Mycobacterial infections are among the most numerous in the world, with Mycobacterium tuberculosis believed to have infected one-third of the world’s population (1). Aggravating the worldwide pandemic have been the emergence of resistant organisms and the concurrent HIV epidemic. These events have renewed interest in understanding the fundamental biology of the interactions between pathogenic mycobacteria and their host.

Exposure to M. tuberculosis can lead to a pulmonary infection characterized by macrophage recruitment to the site of infection, followed in many cases by granuloma formation (24). M. tuberculosis is a facultative intracellular pathogen whose cellular habitat is the macrophage (59). Thus, the M. tuberculosis–macrophage relationship is of considerable interest. Previous investigations have revealed that interleukin 1, tumor necrosis factor-α, interleukin 6, transforming growth factor-β, and interleukin 8 production by macrophages is increased by exposure to mycobacteria (1014). Negative effects of mycobacteria on macrophage antigen presentation (15) and responsiveness to cytokines (16, 17) also have been documented. However, little is known about the molecular mechanisms involved in granuloma formation.
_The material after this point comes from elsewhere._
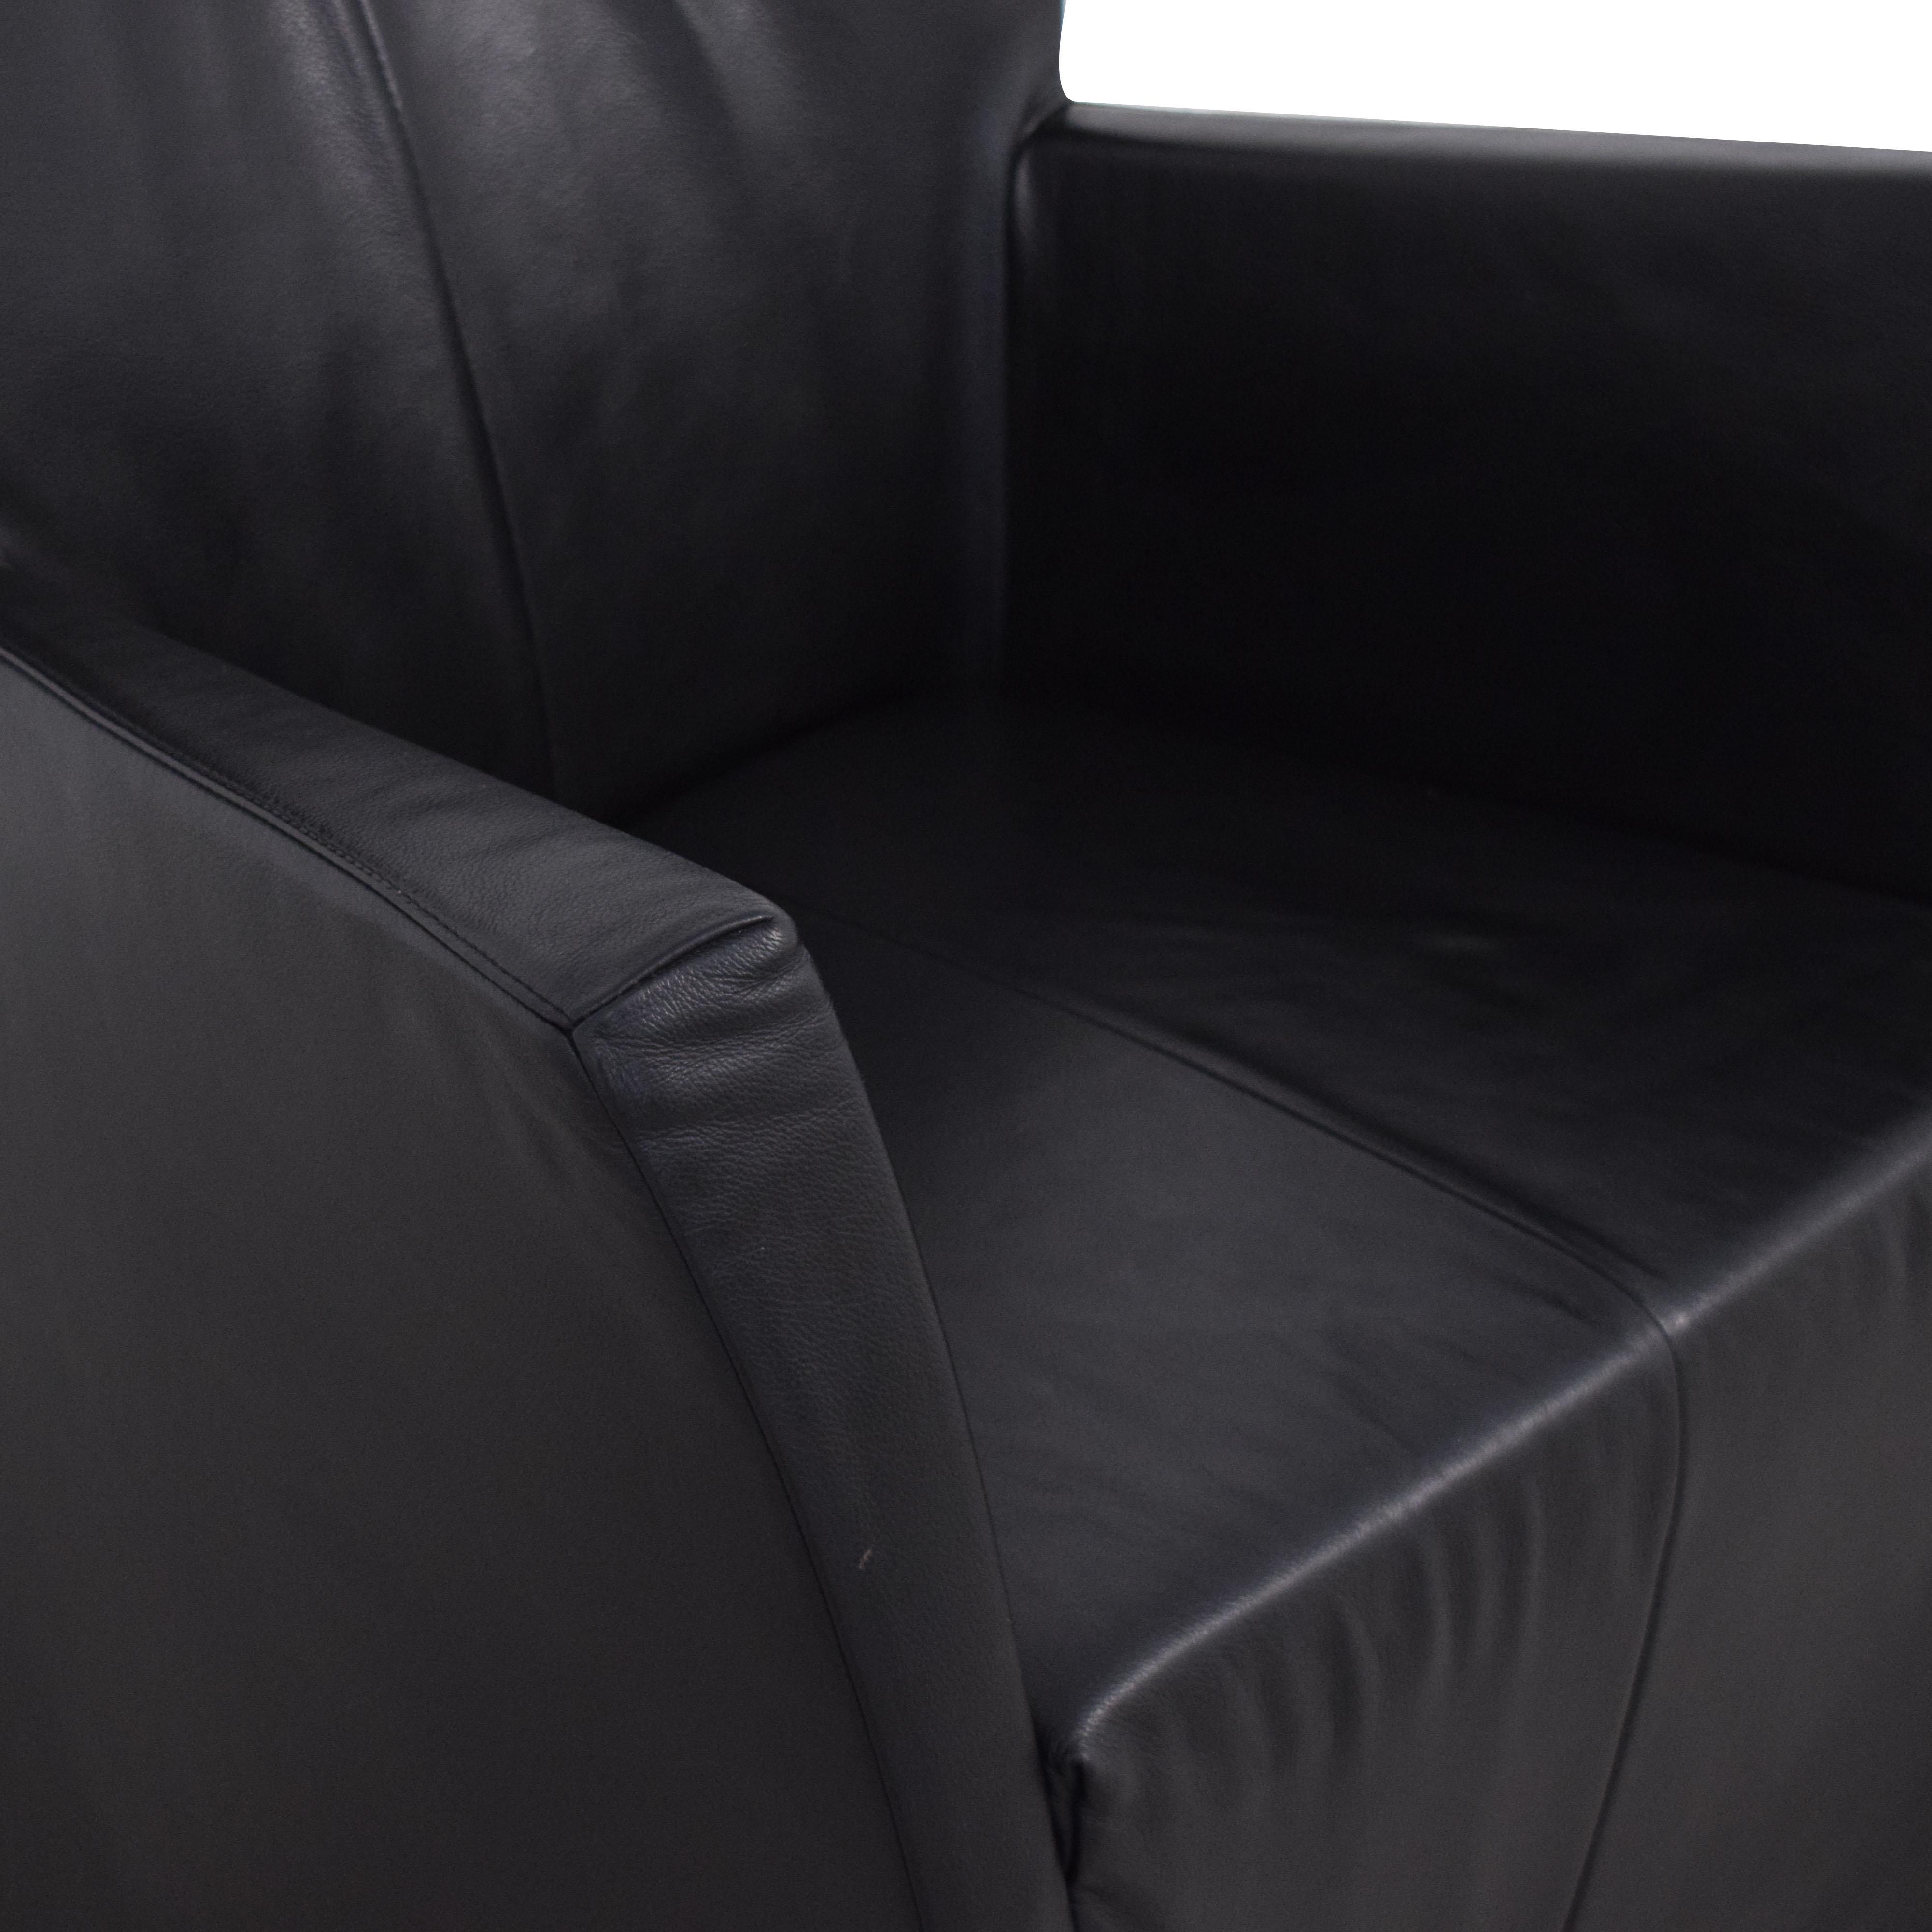 Montis Montis Sting Arm Chair used

To gain insight into the host response to tuberculosis, we used differential screening of cDNA libraries to compare mRNAs of infected and uninfected macrophages. We reasoned that the identification of macrophage genes whose expression is altered after phagocytosis of M. tuberculosis might provide clues to pathogenesis. Using a model system that used a macrophage cell line (18, 19), we surveyed the population of macrophage mRNAs for those altered by mycobacterial infection. Genes identified with this strategy then were studied in human cells exposed to M. tuberculosis and in tissues from patients with tuberculosis. One gene identified repeatedly in this screen was particularly interesting because its protein product, osteopontin, is a cytokine and macrophage chemoattractant (20, 21). Osteopontin gene expression was induced by mycobacterial infection of human macrophages, and osteopontin protein was found in human tissue specimens from patients with clinical tuberculosis.

METHODS

Bacteria.

Mycobacterium bovis bacillus Calmette–Guérin (American Type Culture Collection no. 35734) was grown from a frozen stock for 3 days (to OD600 ≈1.2) in Middlebrook 7H9 broth with 0.5% glycerol, 0.05% Tween 80, and ADC enrichment (Difco). BCG diluted 1:10 in RPMI medium 1640 with 1% fetal calf serum was added to J774 cells (bacteria:macrophage ratio approximately 10:1). The streptomycin-dependent strain of Escherichia coli, sd-4 (American Type Culture Collection no. 11143), was cultured in Luria–Bertani medium with streptomycin at 624 μg/ml. Frozen stocks in 20% glycerol were made from stationary-phase cultures after 2 days growth in Luria–Bertani medium containing 25 μg/ml streptomycin. On the day of infection these bacteria were thawed, were resuspended in 7H9 medium, and were diluted as for BCG (bacteria:macrophage approximately 1:1). These two ratios were required to achieve comparable percentages of infected macrophages; limited growth of the E. coli in the absence of streptomycin necessitated a lower ratio. Latex beads (0.8 μm, carboxylate-modified, Sigma no. L-1398) were treated with 70% ethanol before use.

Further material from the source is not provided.